3. Assistant Professor.
4. Professor, Department of Anesthesiology.
Abstract
Background
Although upregulation of cyclooxygenase (COX)-2 in spinal cord after peripheral inflammation has been well documented, the effect of surgery on spinal COX-2 has not been examined in detail. The present study uses a bilateral foot incision in rats to examine the magnitude and duration of surgically induced changes in spinal COX-2 protein.
Methods
A longitudinal incision was made in both plantar hind paws of isoflurane-anesthetized rats. Spinal cords were removed at various postoperative times (1-48 h), and spinal COX-2 protein levels were compared with the results of Western blot analysis. Ropivacaine-induced blockade of sciatic nerve function was used to determine the importance of afferent nerve activity on spinal COX-2 after incision. Dexamethasone and the COX-2-selective inhibitor L-745,337 were administered intrathecally to modulate spinal COX-2 after incision.
Results
COX-2 protein levels increased in the lumbar spinal cord at 3 (1.32-fold) and 6 (1.26-fold) h after bilateral foot incision. At later times, lumbar COX-2 levels were no different than in control animals not undergoing surgery. Cervical COX-2 protein levels remained unchanged. Sciatic nerve blockade with ropivacaine did not prevent the increase in lumbar spinal COX-2 protein levels after incision.

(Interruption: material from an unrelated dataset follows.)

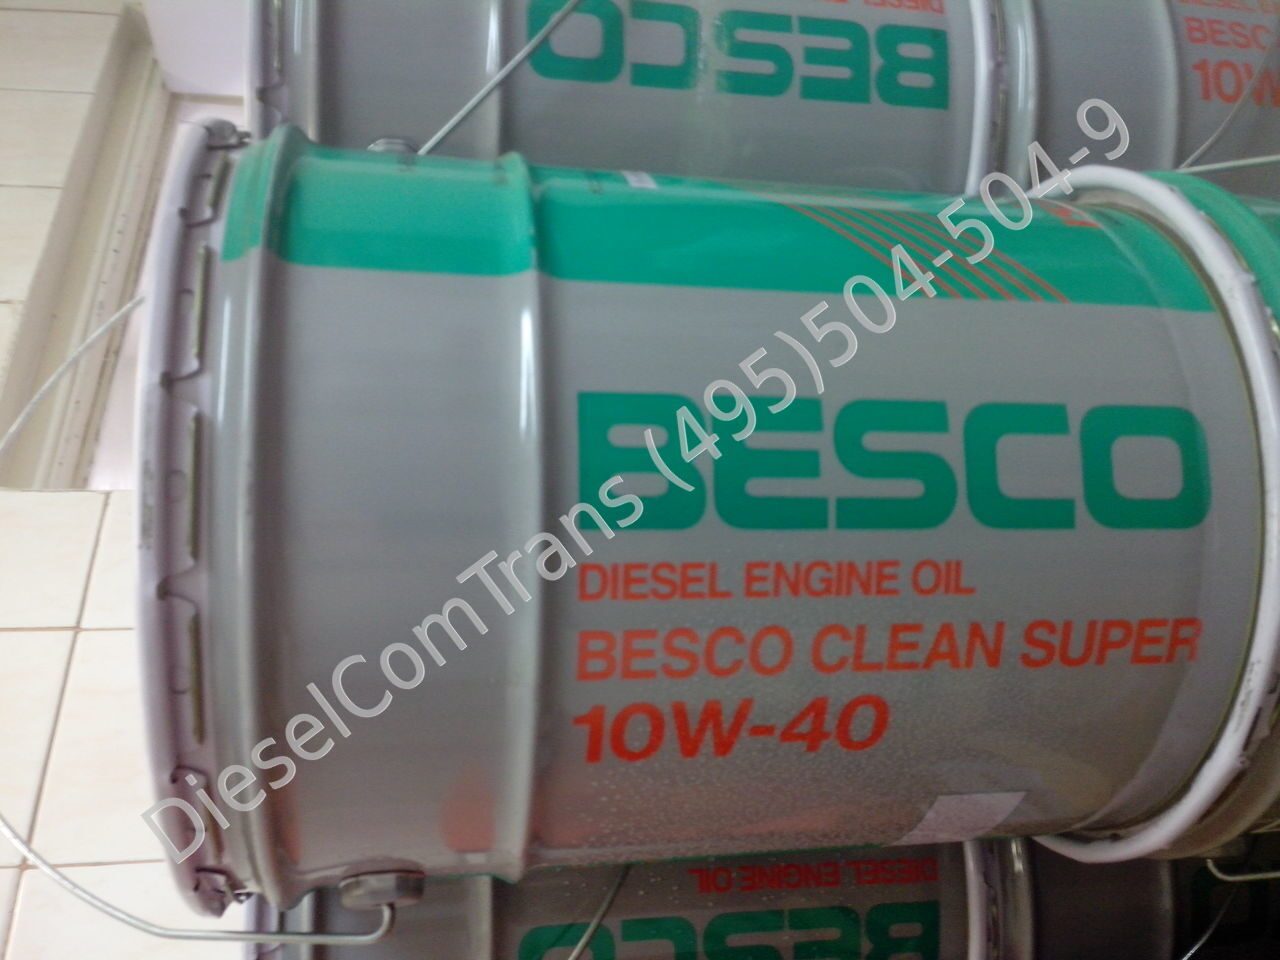 Исузу масло двигатель. Isuzu Besco clean super 10w 40. Масло Besco 10w 40. Isuzu 1884058020. Моторное масло Isuzu Besco 10w 40.

Intrathecal dexamethasone decreased lumbar spinal COX-2 levels after incision, and an intrathecal COX-2-selective inhibitor did not reduce the COX-2 upregulation.
Conclusions
After bilateral foot incision in rats, lumbar spinal COX-2 protein levels increase, although the magnitude and duration are less than reported in models of peripheral inflammation. This COX-2 upregulation does not seem to be mediated by afferent nerve activity.
Publisher
Ovid Technologies (Wolters Kluwer Health)
Subject
Anesthesiology and Pain Medicine
Cited by
42 articles.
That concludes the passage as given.